During daylight hours, streams of solar energy enter the planet's surface. Scientists and engineers have long figured out how to use it. Solar panels can convert the energy of the daylight. Their effectiveness is still far from ideal, but over time it will increase thanks to the work of specialists.
Instructions
Step 1
The work of a solar cell is based on the physical properties of semiconductor cells. The photons of light knock out electrons from the outer radius of the atoms. In this case, a significant number of free electrons are formed. If you now close the circuit, an electric current will flow through it. However, it is too small to be limited to the use of one or two photocells.
Step 2
Typically, individual components are combined into a system to form a battery. Several such batteries are used to form modules. The more solar cells are connected together, the higher the efficiency of the technical system. The position of the solar battery relative to the luminous flux is also important. The amount of energy directly depends on the angle at which the sun's rays fall on the photocells.
Step 3
One of the main performance characteristics of a solar cell is the coefficient of performance (COP). It is defined as the result of dividing the power of the received energy by the power of the luminous flux that falls on the working surface of the battery. To date, the efficiency of solar cells used in practice ranges from 10 to 25 percent.
Step 4
In the fall of 2013, there were reports in the press that German engineers managed to create an experimental photocell, the efficiency of which is approaching 45%. To achieve such incredible performance for a standard solar array, the designers had to use a four-story photocell layout. This increased the total number of useful semiconductor junctions.
Step 5
Experts have calculated that in the future it will be possible to achieve higher efficiency rates, up to 85%. What is the reason for the current battery lag behind the design characteristics?
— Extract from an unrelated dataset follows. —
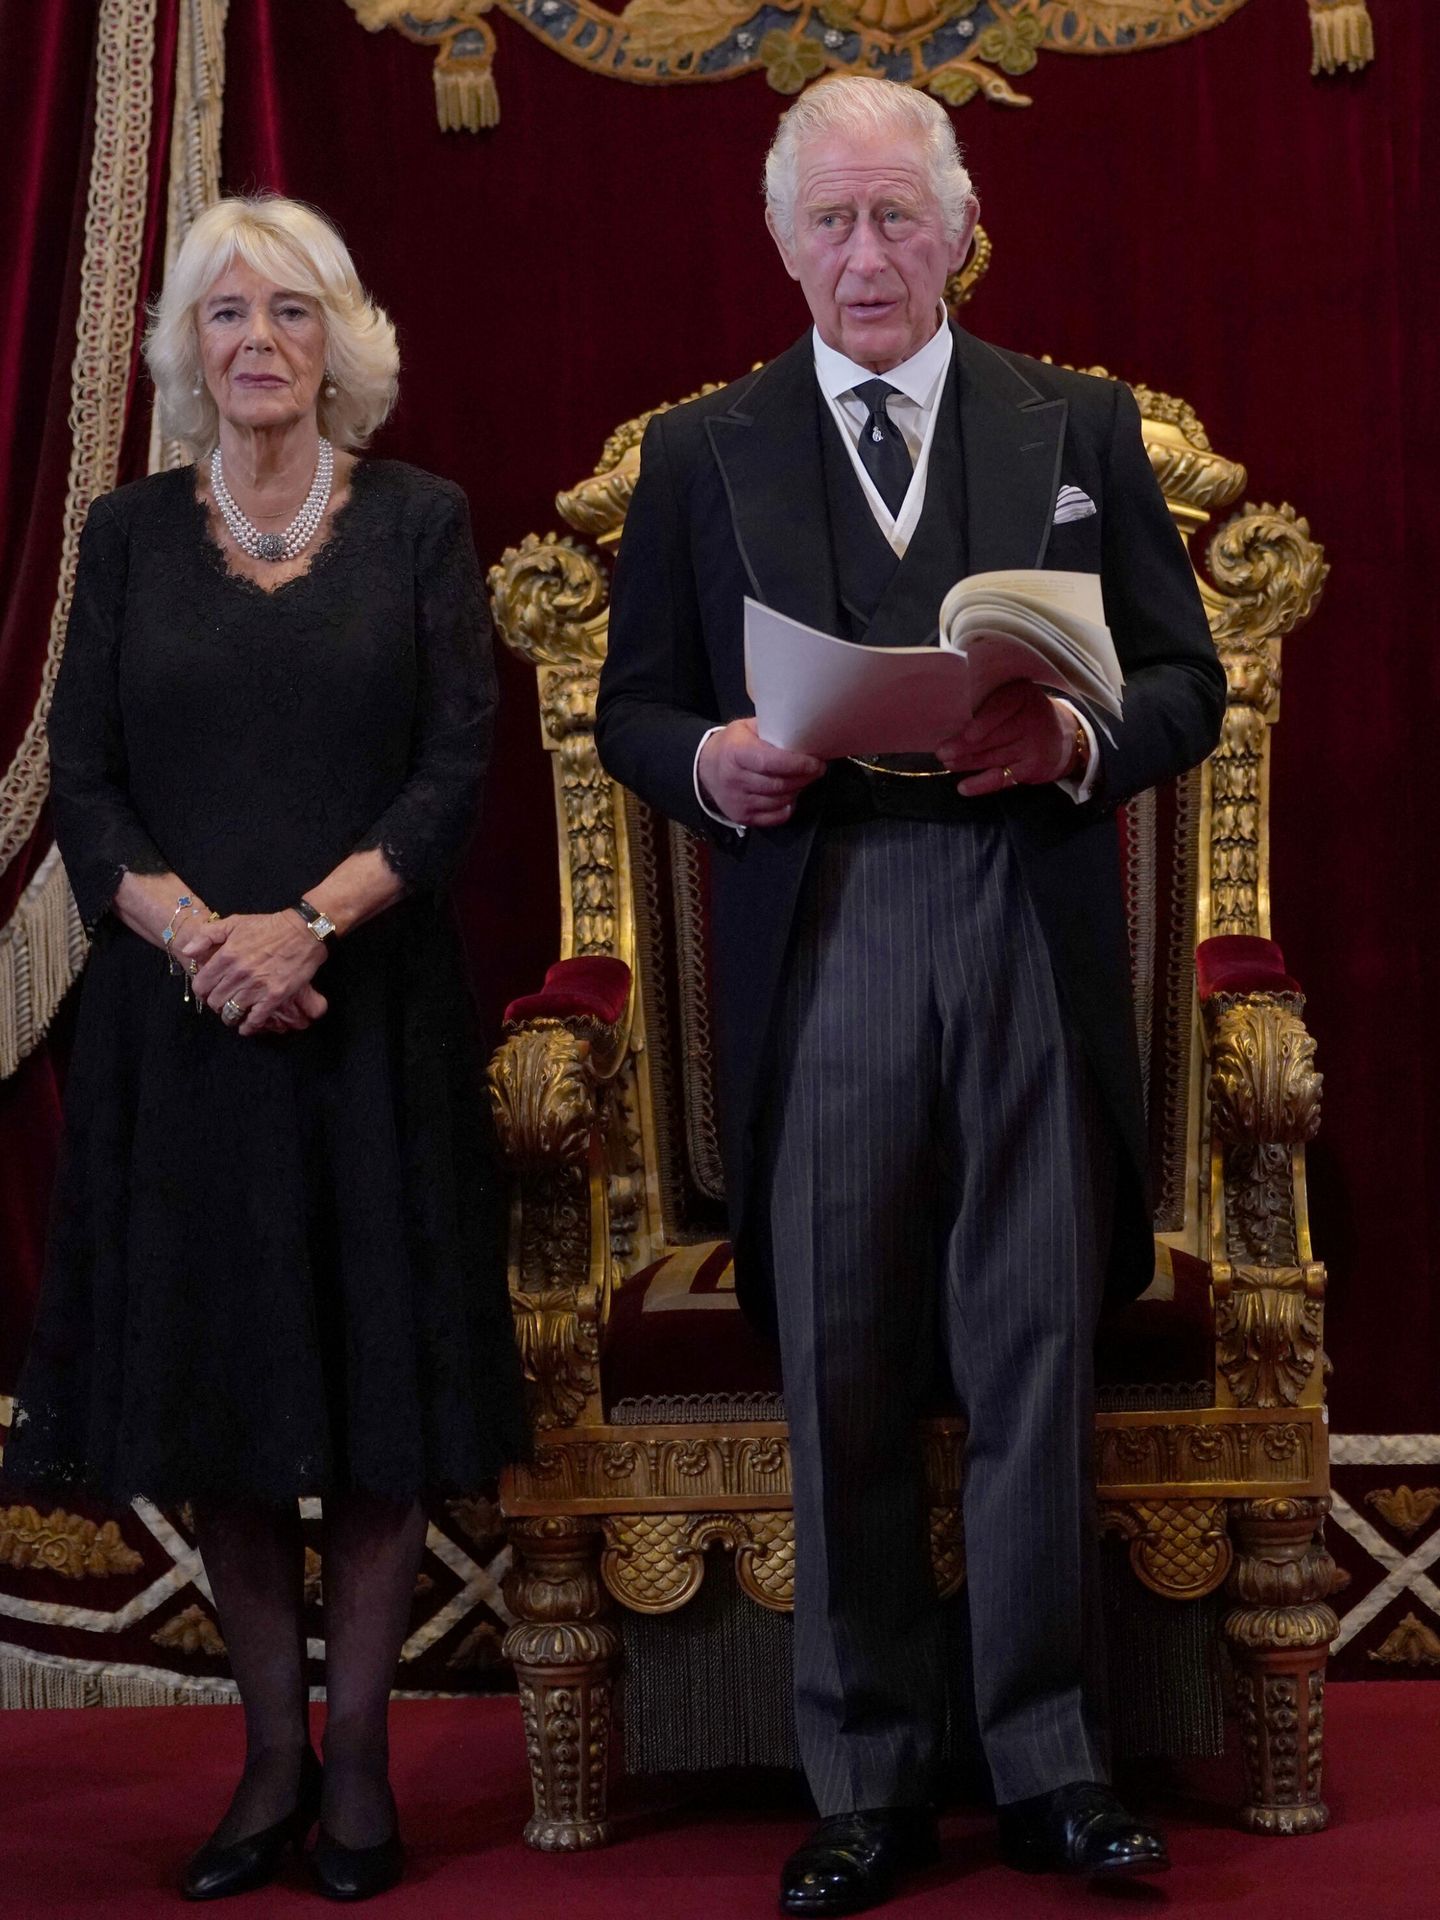 La reina Camila, junto al rey Carlos III durante su discurso. (Reuters/Pool/Victoria Jones)

The difference between real figures and theoretically possible indicators is explained by the properties of the materials used to make batteries. Panels are usually made of silicon, which can only absorb infrared radiation. But the energy of ultraviolet rays is almost never used.
Step 6
One of the ways to improve the efficiency of solar cells is the use of multilayer structures. Such a module includes several thin layers made of dissimilar materials. In this case, the substances are selected so that the layers are matched from the point of view of energy absorption. In theory, such multi-layer "cakes" can provide efficiency up to almost 90%.
Step 7
Another promising direction of development is the use of panels made of silicon monocrystals. Unfortunately, this material is still much more expensive than polycrystalline analogs. Thus, in order to improve the efficiency of solar cells, it is necessary to make the design more expensive, which increases the payback period.